Zaman değiştirir herşeyi derler.
Hayır! Zaman birşeyi değiştirmekle hükümlü değildir. Saniyeler dakikanın, saatler günlerin, haftalar ayların, yıllar senin peşindedir. Sen yön verirsin.
Ve ben seni ilk tanıdığımda, gülünce baygın gözlerini kısan yanakların , konuşurken ki o uyku mahmuru sesin değişmedi. Dün muzlu pastayı severken, bugün çikolatalıyı sevmedin. Peynirli poğaçayı hiç istemedin. Demekki neymiş? Zaman bir şeyi değiştirmezmiş. Gezdiğin sokaklar, yaşadığın yer, derdini dinleyen yıldızlar, küçüklükten beli sen koşsanda seni takip eden ay hâlâ gökyüzünde.
Gök yüzünde.
Bugünümden geleceğimi seziyorum.
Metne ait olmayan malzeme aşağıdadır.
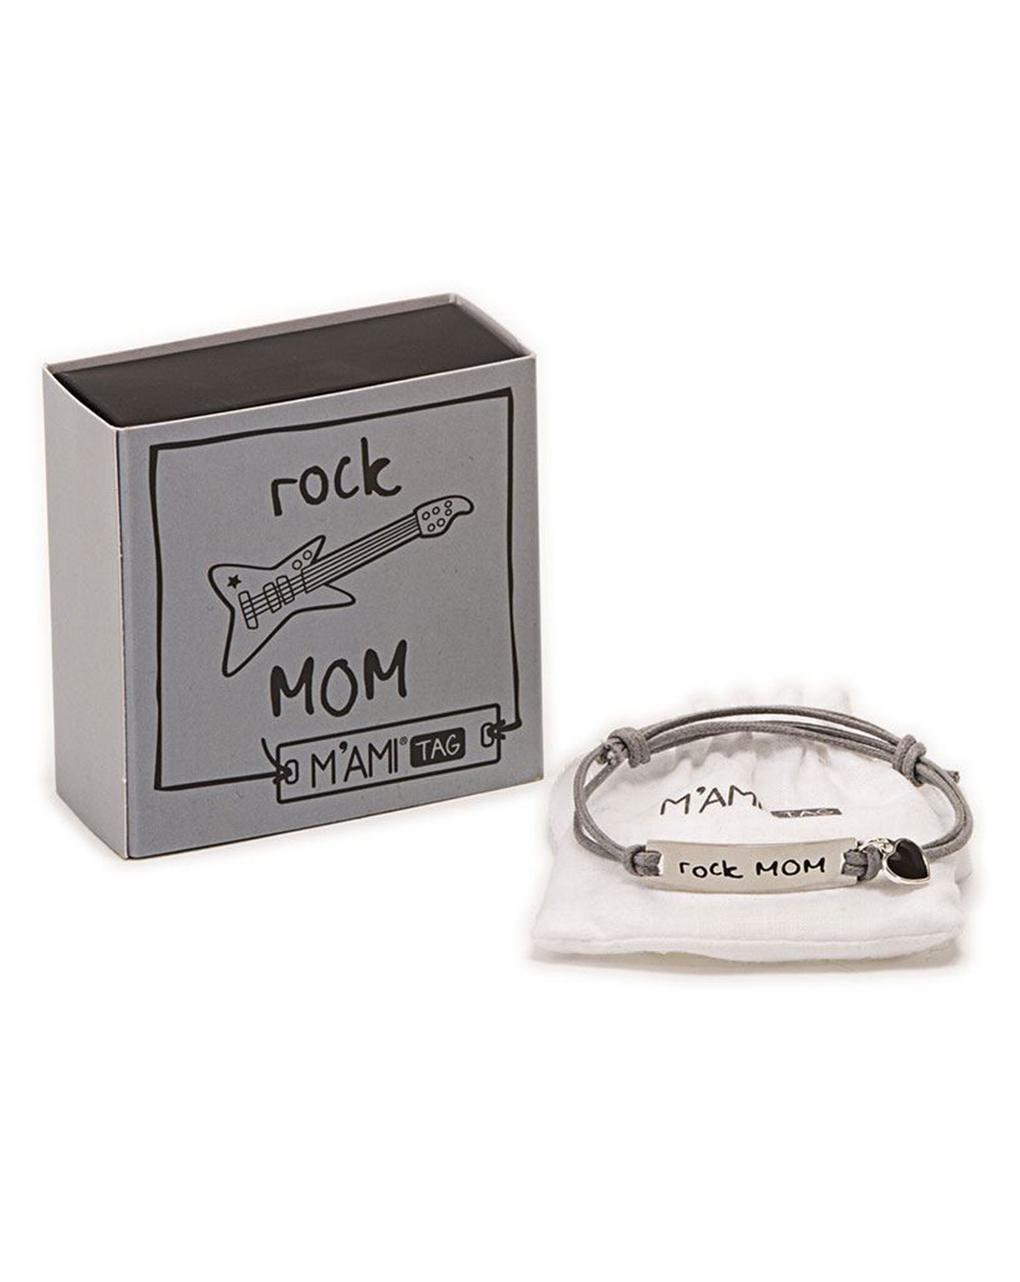 M'ami® tag rock mom - M'Ami

Geleceğini. Bir pazar kahvaltısı mutluluğu, ve bir cuma nuru, huzuru var yüzünde, gözlerinde, ellerinde, sende...
Tüm hayallerim yere göğe sığmadı , kalbi parçaladı ve sonunda zamana yaydı.
Bir yıl geçti...
İki yıl...
Üç...
Dört...
Beş...
Tam beş yıl.
Hâlâ bir gün bu mektup eline geçer düşüncesiyle yazıyorum. Herşeyi geleceğe bırakarak hata mı yapıyorum? Bilmiyorum ama. Yarınımdan şunu diliyorum ve diyorum ki;
Bugünümün kaybettirdikleri bana ders olsun geleceğim.
Gündüz zaten ışık var. Ama ben karanlık yolları görmem için güneşe, belki ateşe, yada gözlerine ihtiyacım var. Bana bunu sun geleceğim.